I configure it to voltage follower / buffer,disconnectting R,Rth,Rx and Rfb,short IN1N to OUT1,I change the value of IN1P devider,
 IN1P devider V(IN1P) V(OUT1) 20K,20K 1.255 1.255 20K,20K||80.6K 1.117 1.118 20K,20K||12K 0.689 0.690
I test with the latter option you give to me.
 Rth V(IN1N) V(OUT1) 10000 1.255 1.268 12000 1.255 0.697 15000 1.256 0.052 16000 1.256 0.002

It is diffrent with the values you give to me.

 RTH OUT1 10000 1.2457 12000 1.3127 15000 1.4 16000 1.4272
As  ,
when Rth+Rx>R,with Rth increase,the Vout1 should decrease.
What I still can not understand is that V(IN1N) should be calculated by Rth?Thank you!
• Hi bai1390529449,

Based on the first table you sent, the chopper amp1 is functioning properly as a voltage follower.
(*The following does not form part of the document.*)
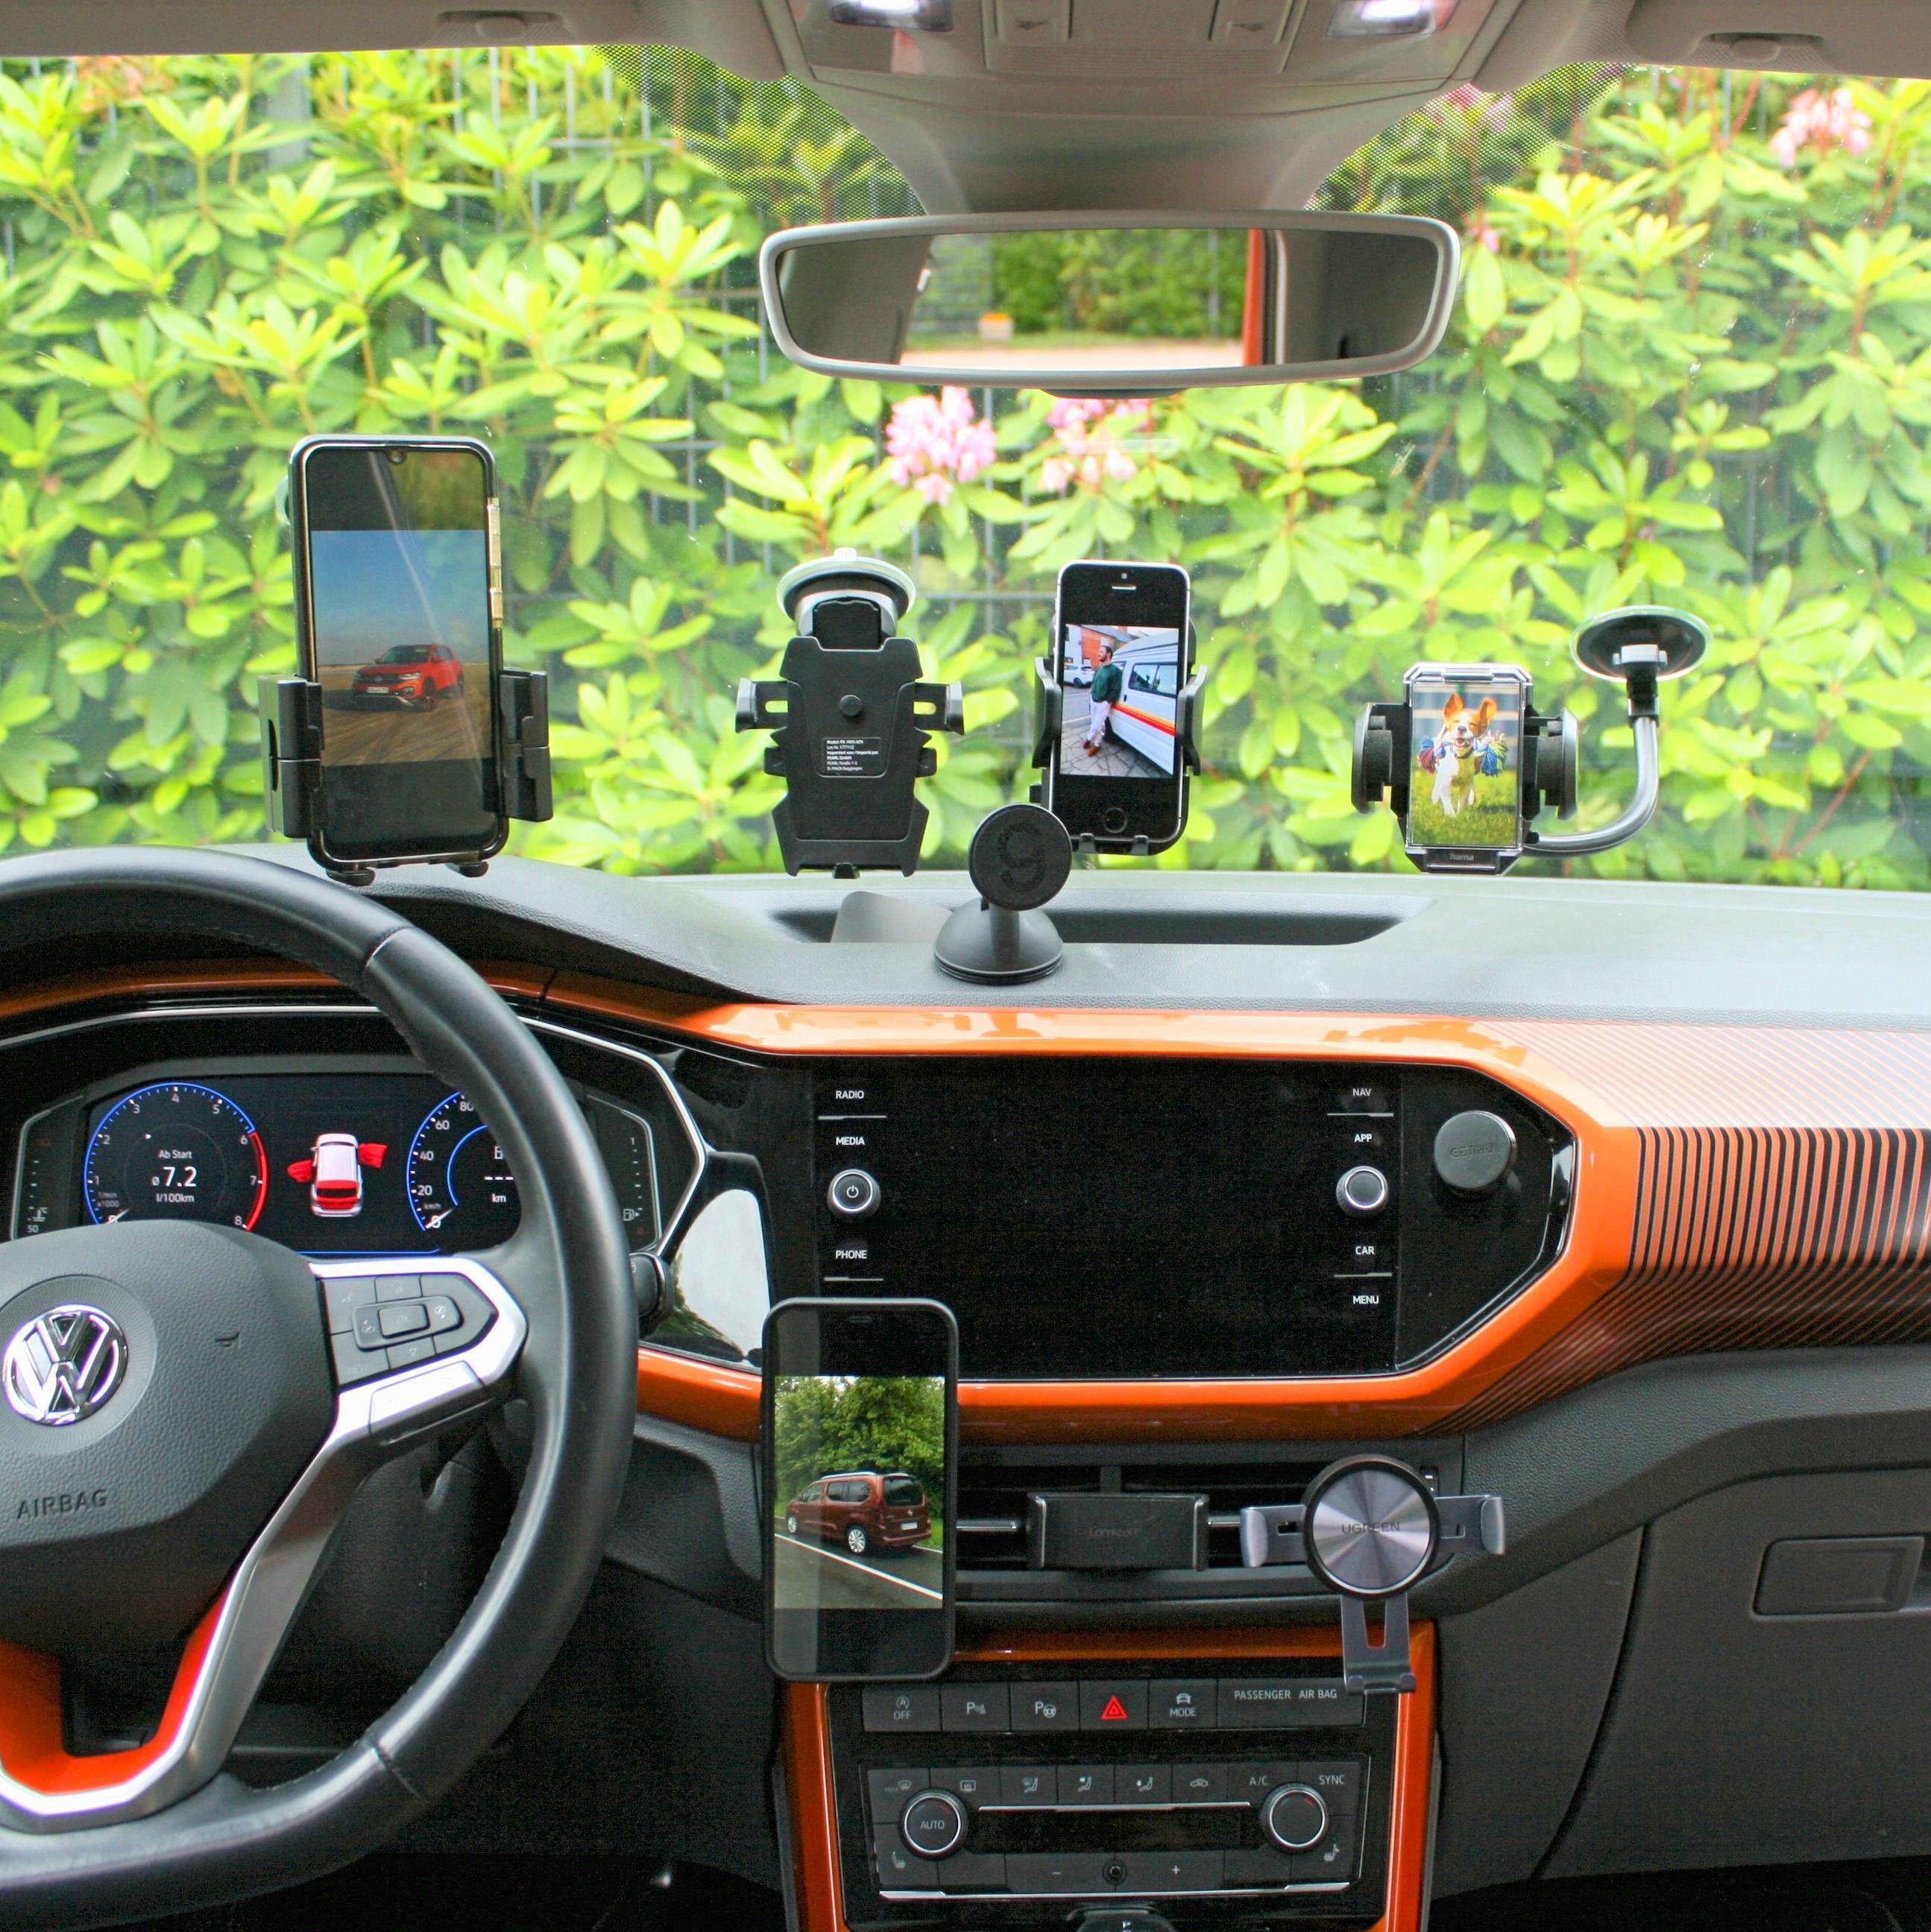 Auto Handyhalterung mit Magnet im Test - Die perfekte Halterung?

That is good to see.

On the next concern, I am sorry, the second column should be the V(IN1N) voltage readout not OUT1.

 RTH OUT1 10000 1.2457 12000 1.3127 15000 1.4 16000 1.4272

However, on your results, I am wondering why your V(IN1N) voltage is almost not changing.

 Rth V(IN1N) V(OUT1) 10000 1.255 1.268 12000 1.255 0.697 15000 1.256 0.052 16000 1.256 0.002

It is diffrent with the values you give to me.

with the following values,

 RFB = 80600 RX = 7680 RTH = replace with diff values of resistor or use a variable resistor R = 17800 VREF = 2.5

You should get the following:

 RTH V(IN1N) VOUT1 10000 1.24577 1.288 12000 1.3127 0.7093 15000 1.40069 0.03213

If you get the same result, then you are good. we can proceed on the next stage.